Жозеф молчал. Он не мог понять этого человека: несмотря на окружавших его вооруженных врагов, кардинал говорил о будущем, как о настоящем, которым он полностью располагает, а о настоящем, как о прошедшем, которого больше не приходится опасаться. Капуцин не знал, следует ли его считать безумцем или пророком, низшее он или высшее существо по сравнению с прочими смертными.
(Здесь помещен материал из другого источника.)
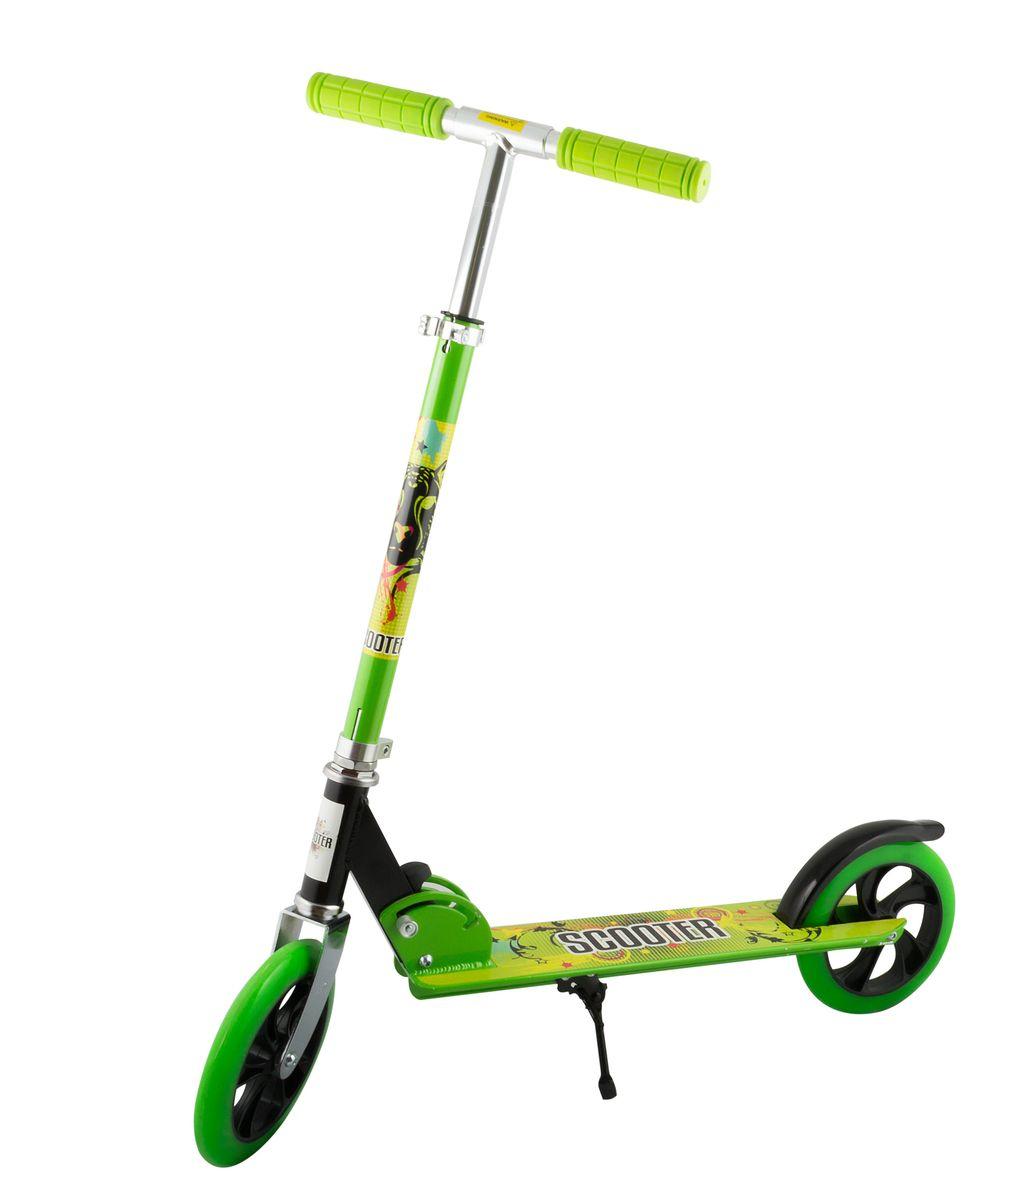 Самокат 2-колесный SC-02 (200 мм), цвет: зеленыйУТ-00008288Самокат 2-х колесный SC-02 (200 мм) - это двухколесная модель с колесами 200-мм для взрослых и детей. Эргономичные резиновые грипсы. Телескопический руль. Удобная система складывания. Алюминиевая дека. Металлический тормоз. Полиуретановые 200-мм колеса. Подножка для устойчивости самоката. Подшипники ABEC 7 для быстрой и плавной езды.Технические характеристики:Дека: алюминийРучки: резинаРуль: алюминийМатериал колеса (внутр): полипропиленМатериал колеса (внешний): полиуретанРегулировка руля: естьСистема складывания: естьРазмер колеса, мм: 200Подшипники: Abec-7Цвет: зеленыйВес, гр: 3350Производство: КНР

Удивление его еще возросло, когда в комнату поспешно вошел Шавиньи, споткнулся о табурет кардинала, чуть не упал и воскликнул в величайшем смятении:
— Монсеньер, один из ваших слуг прибыл из Перпиньяна: лагерь объят волнением, ваши враги на конях…
— Они спешатся, сударь, — ответил кардинал, придвигая к себе табурет, — однако вам, по всей видимости, недостает спокойствия.
— Но… но… монсеньер, разве не следует сообщить господину де Фаберу?
— Пусть себе почивает, да и вы сами идите спать и Жозеф тоже.
— Монсеньер, случилось нечто необычное; сюда идет король.
— Это действительно странно, — молвил министр, смотря на часы. — Я ждал его часа через два, не раньше. Уходите оба отсюда.
Вскоре послышался топот и бряцание оружия, возвещавшие о прибытии короля. Двустворчатые двери распахнулись; гвардейцы кардинала трижды ударили пиками о паркет, и на пороге появился король.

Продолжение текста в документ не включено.